Cabaret and Alpine Western
As in his acclaimed stage programme Da Billi Jean is ned mei Bua, Stefan Leonhardsberger shakes up the established categories of entertainment in Rauhnacht. For this mixture of cabaret and Alpine western, the Austrian actor and singer once again slips into a variety of roles and shows us drastically why it is better to stay at home on New Year’s Eve.
Of course, his faithful and congenial partner Martin Schmid is also involved, providing the live soundtrack as an acoustic stage designer on the guitar. As with the texts for Da Billi Jean is ned mei Bua, Paul Klambauer, who also directs, is responsible as co-author for the idea and book. Together with Leonhardsberger and Schmid he forms an unbeatable trio. With Rauhnacht, the creators have succeeded in creating a more than unusual mixture somewhere between Josef Hader and Quentin Tarantino, which doesn’t fit into any pigeonhole and – perhaps precisely for that reason – is a source of enthusiasm among critics and audiences alike.

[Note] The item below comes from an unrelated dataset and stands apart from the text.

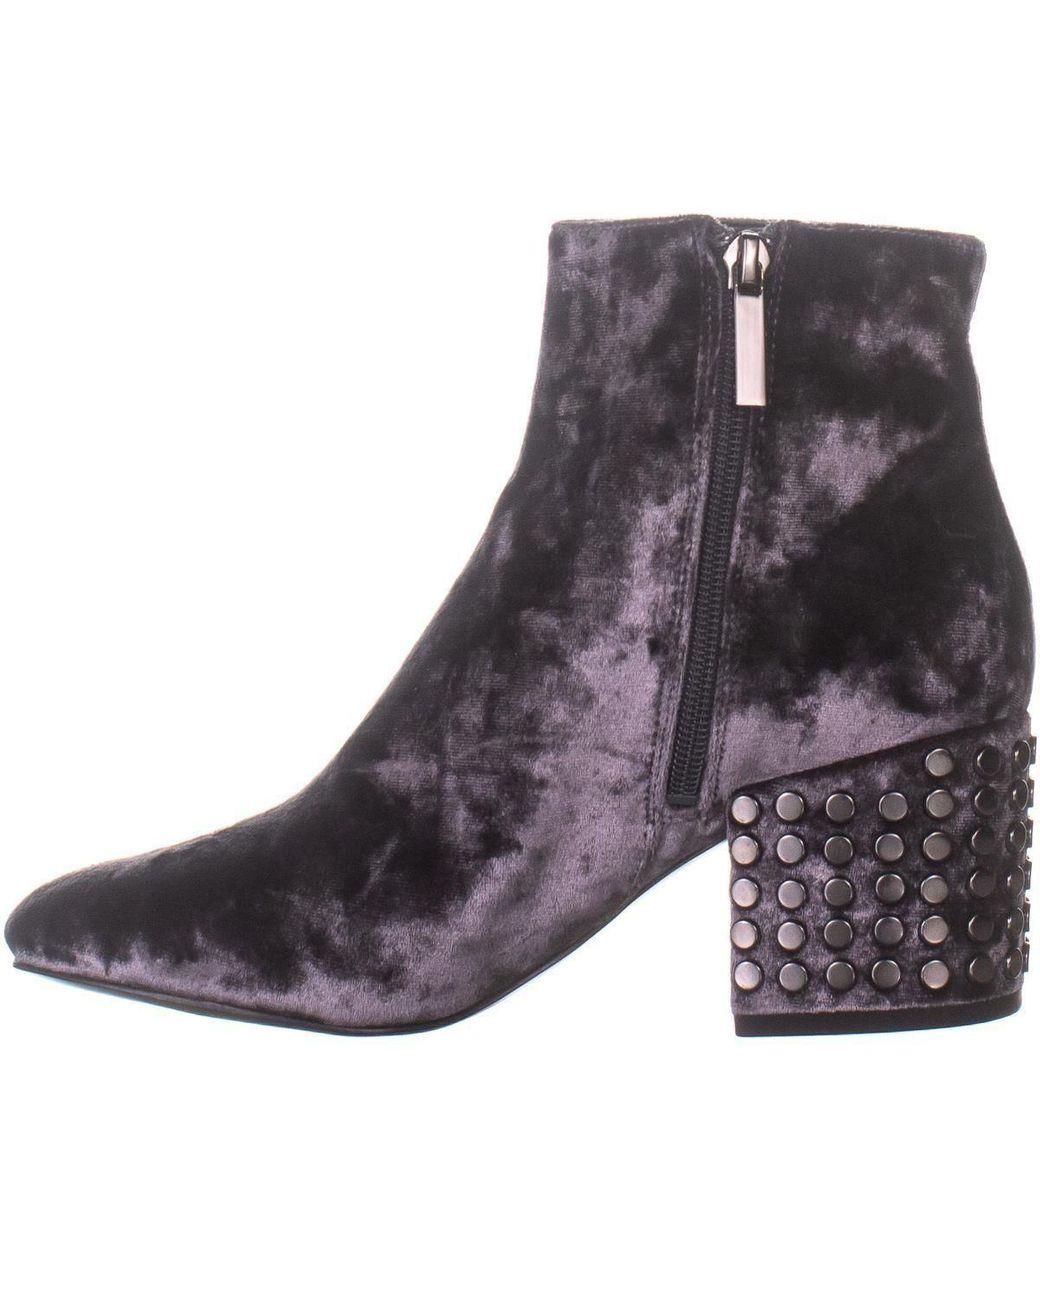 Kylie Blythe Women/'s Ankle High Block Heel Boots Kendall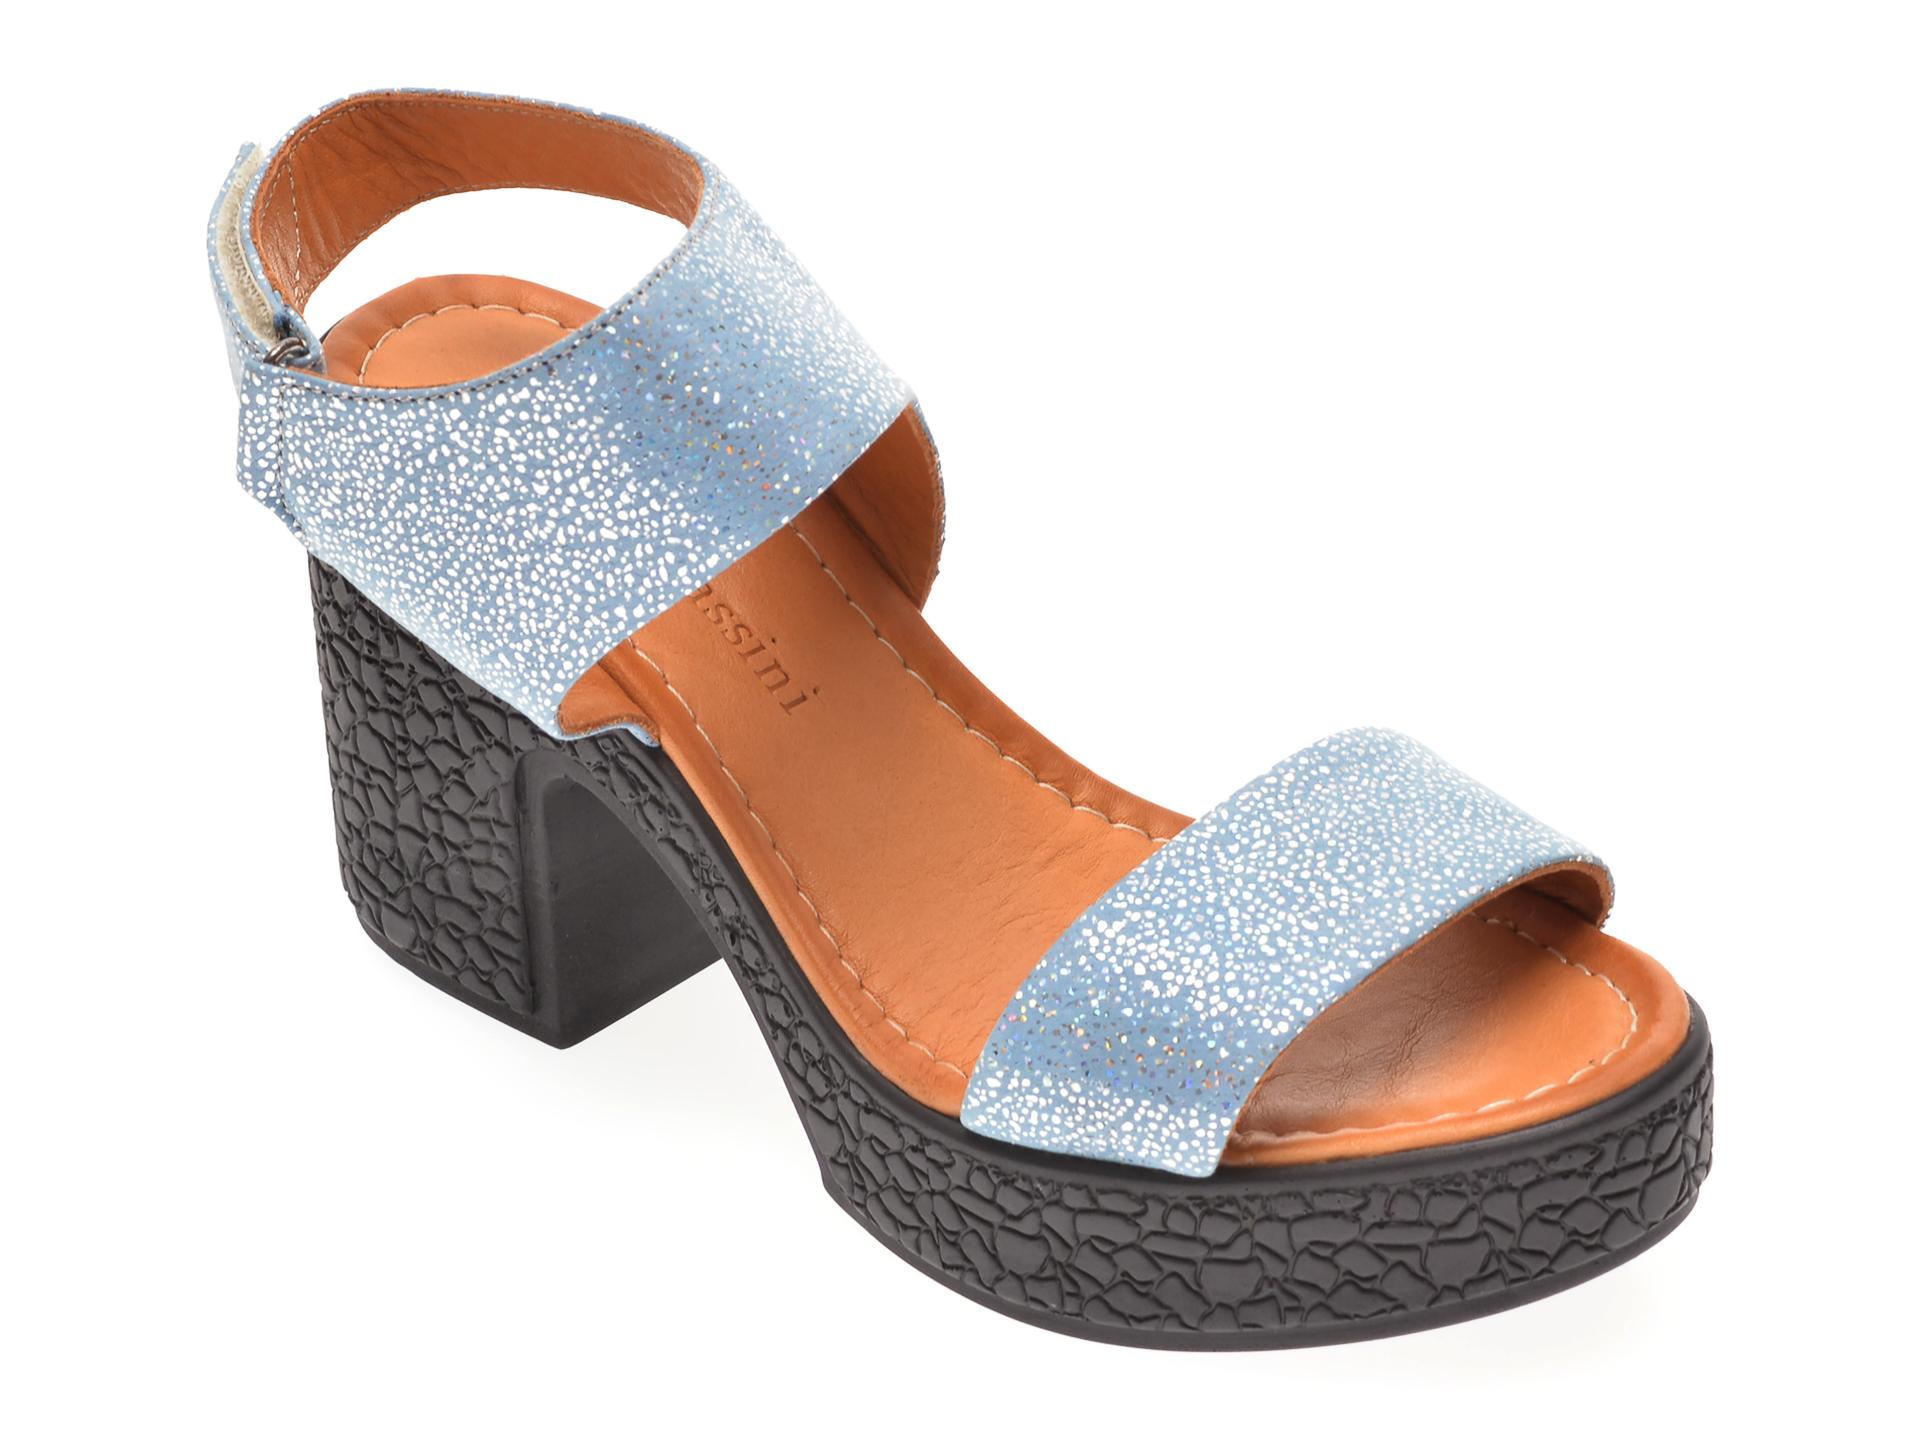 Sandale FLAVIA PASSINI albastre, 1181335, din piele naturala New

WHERE THE HELL IS NORA ANYWAY?
And that’s what it’s about: Actually, the Höller farmer Erich already has his hands full with various animal epidemics and a crazy grandmother. When his daughter Nora disappears on New Year’s Eve, it’s clear to him that things have to change in the new year. But he is not the only one who has set his sights high. Between raclette, champagne and New Year’s concerts, nerves are also on edge in the respected gravel pit dynasty of Röbelreiter. Storm Vladimir brings masses of Siberian snow, religious fanatics prepare for the end of the world and slowly everyone asks themselves: where the hell is Nora?